## Activity:
Write out the data below exactly as given, without any of its pictures.

## Supplied material:
+ + + + + + +
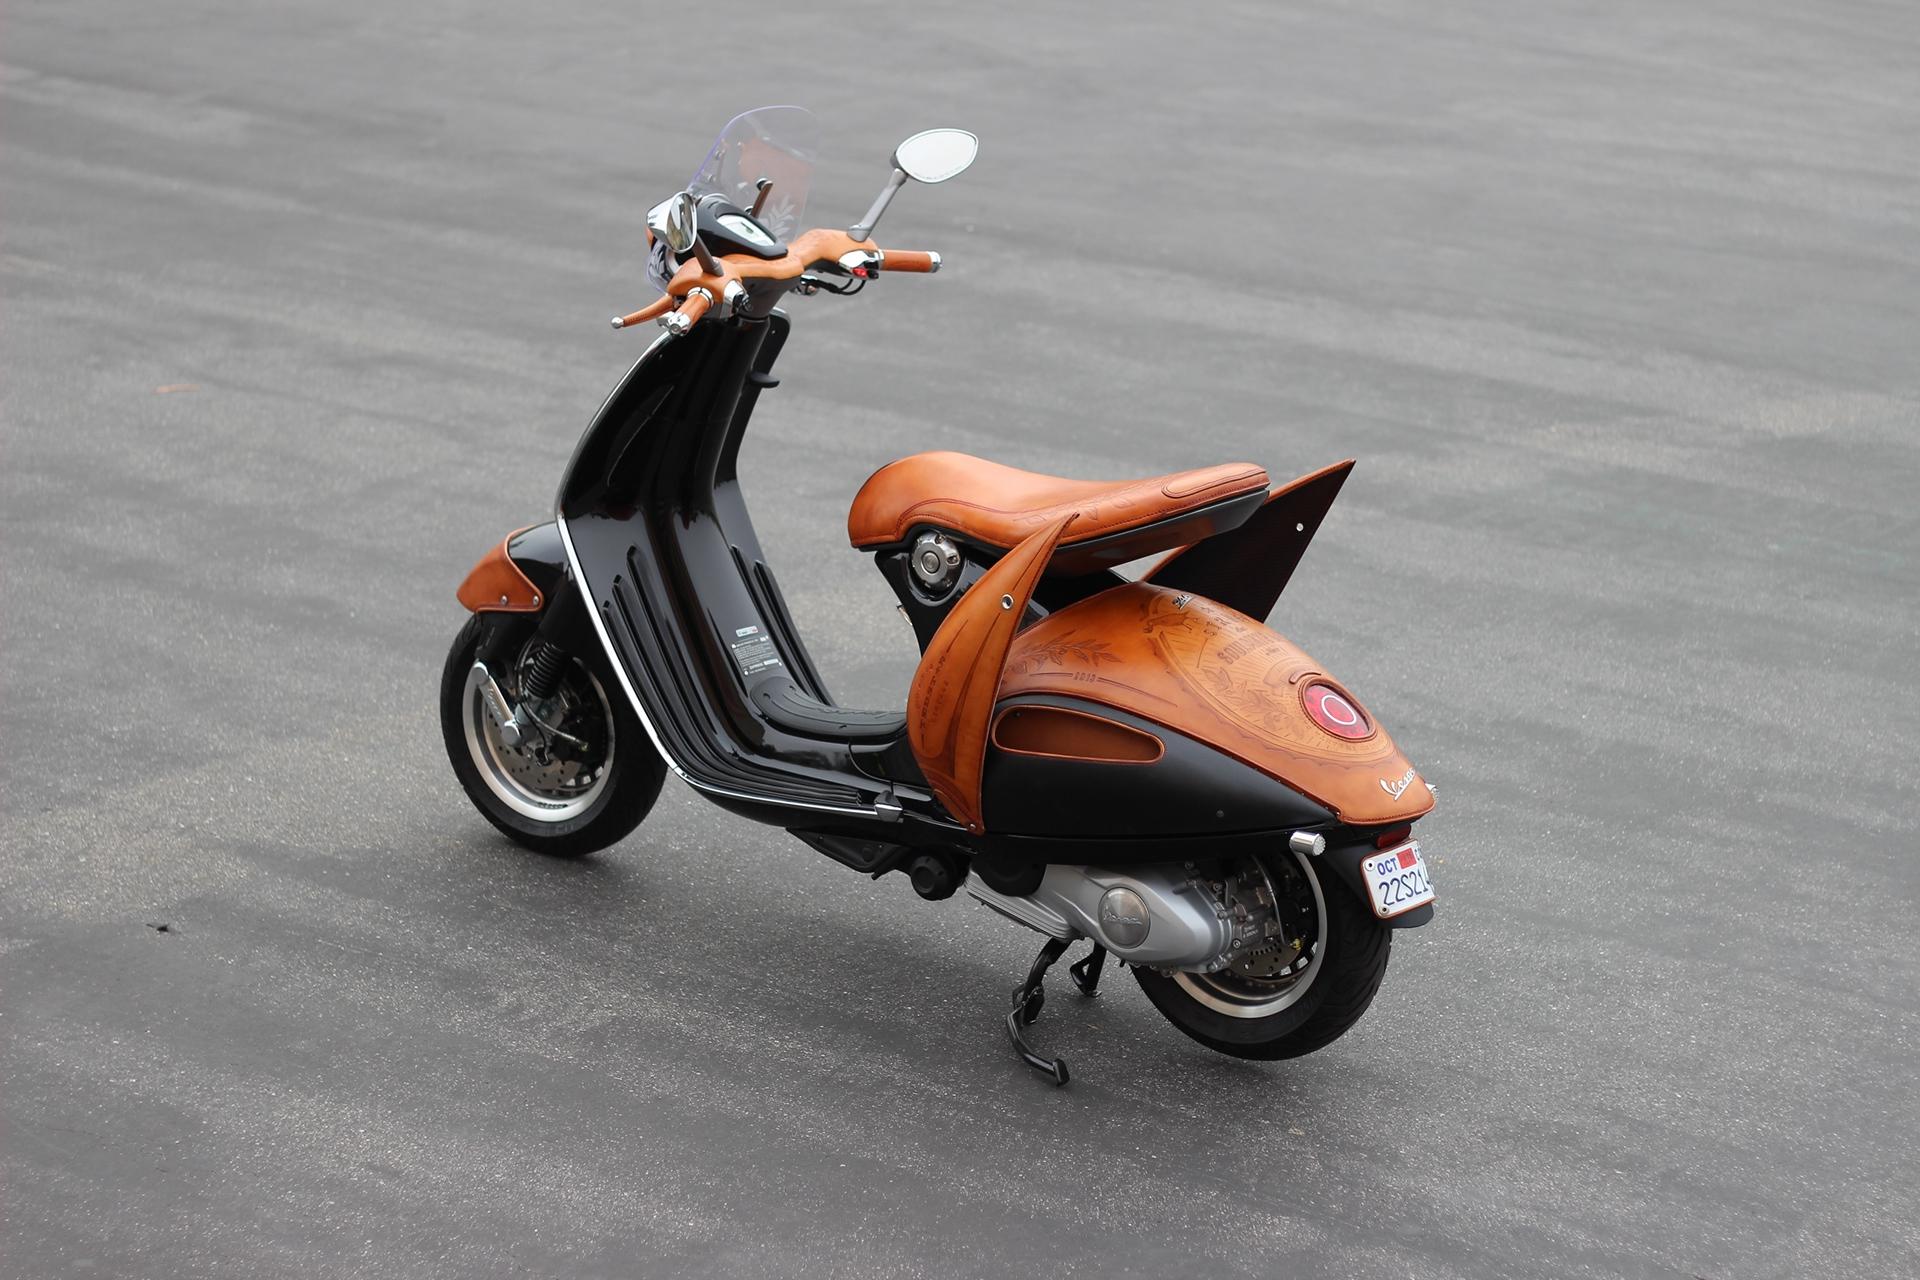 Vespa 946 Bellissima / TEDSTAR California custom on Behance
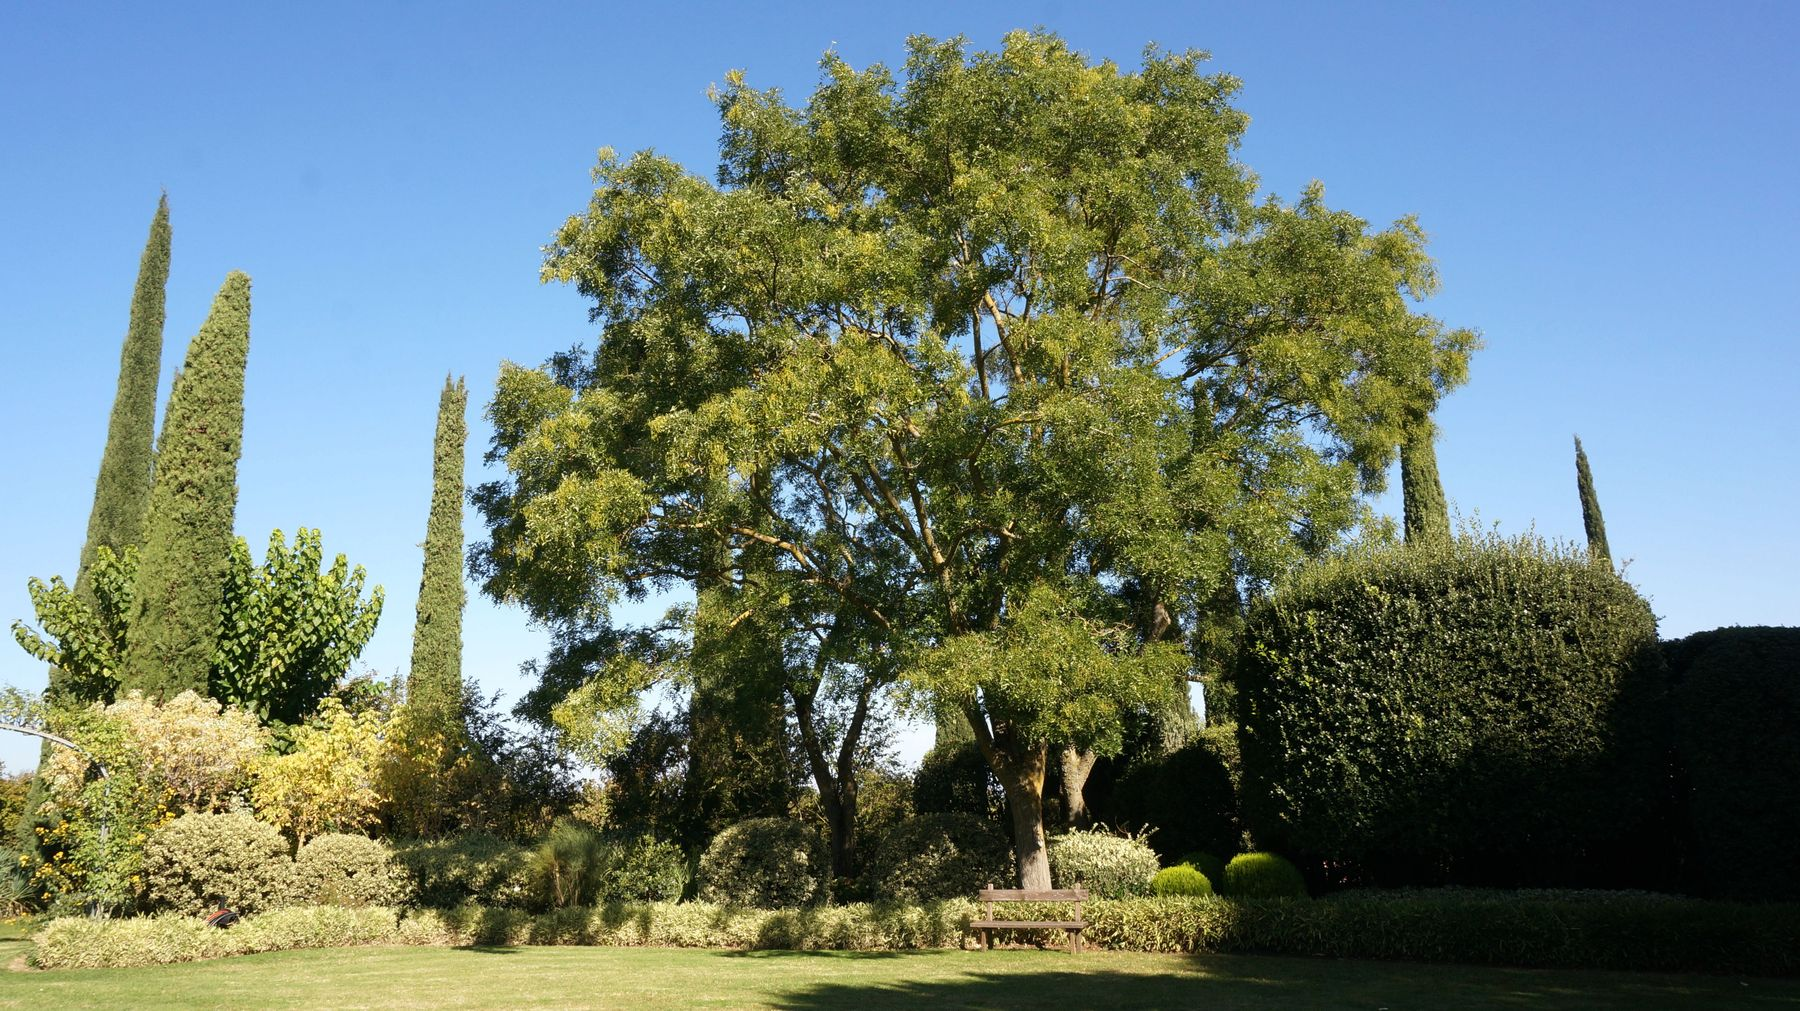 La Torricella Blossom zine viaggio Promo Tuscia (6)
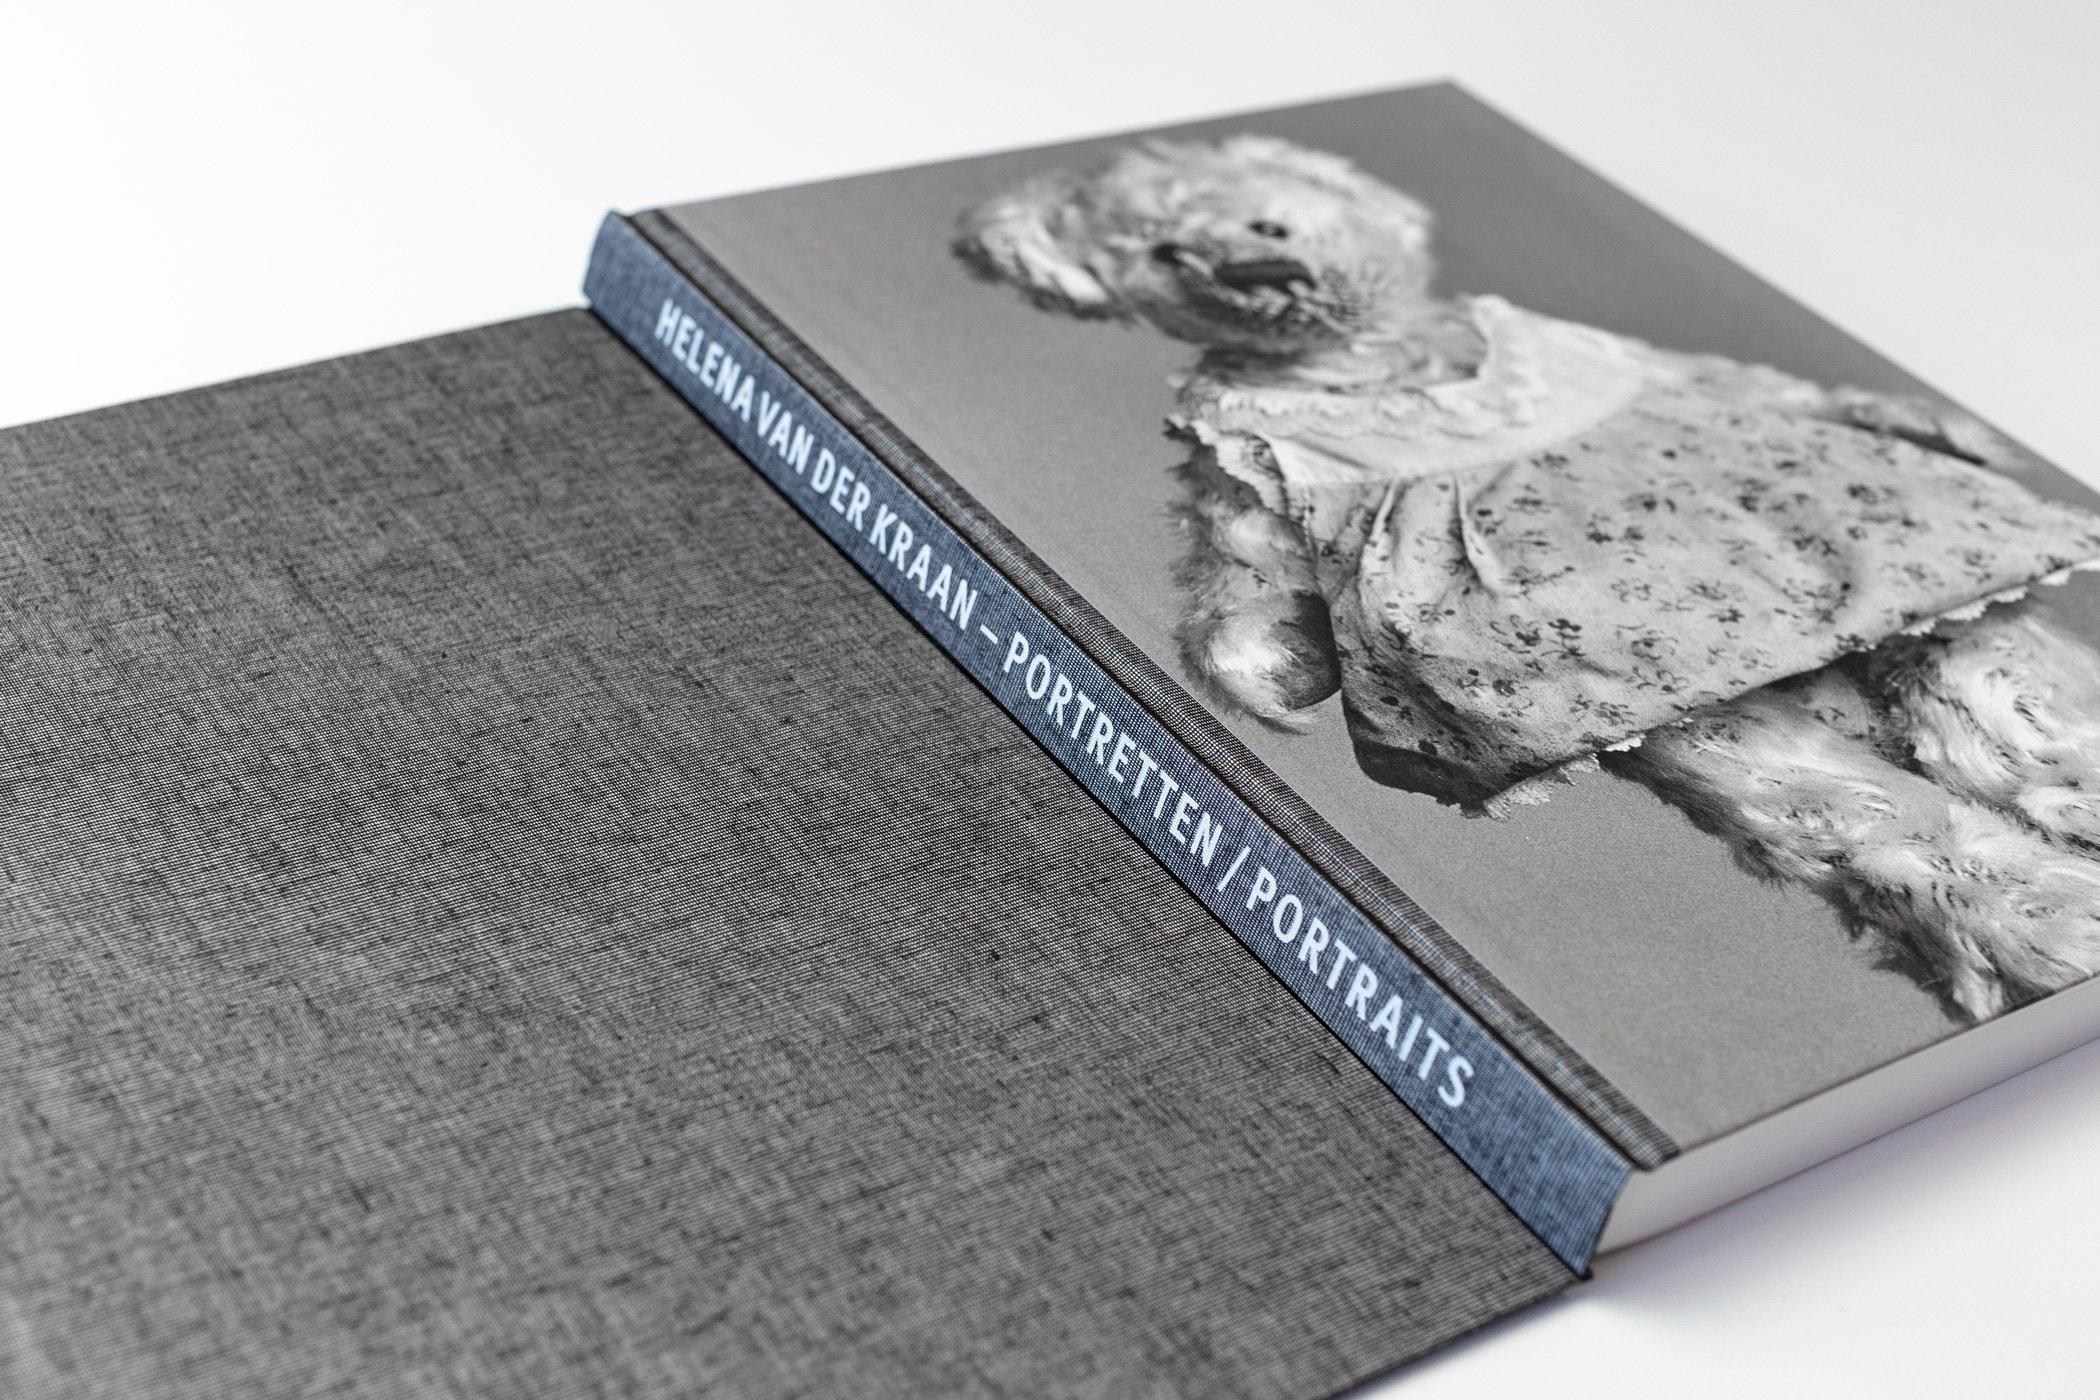 De Monsterkamer - Helena van der Kraan: Portretten/Portraits
+ + + + + + +
## Response below:
 Vespa 946 Bellissima / TEDSTAR California custom on Behance
 La Torricella Blossom zine viaggio Promo Tuscia (6)
 De Monsterkamer - Helena van der Kraan: Portretten/Portraits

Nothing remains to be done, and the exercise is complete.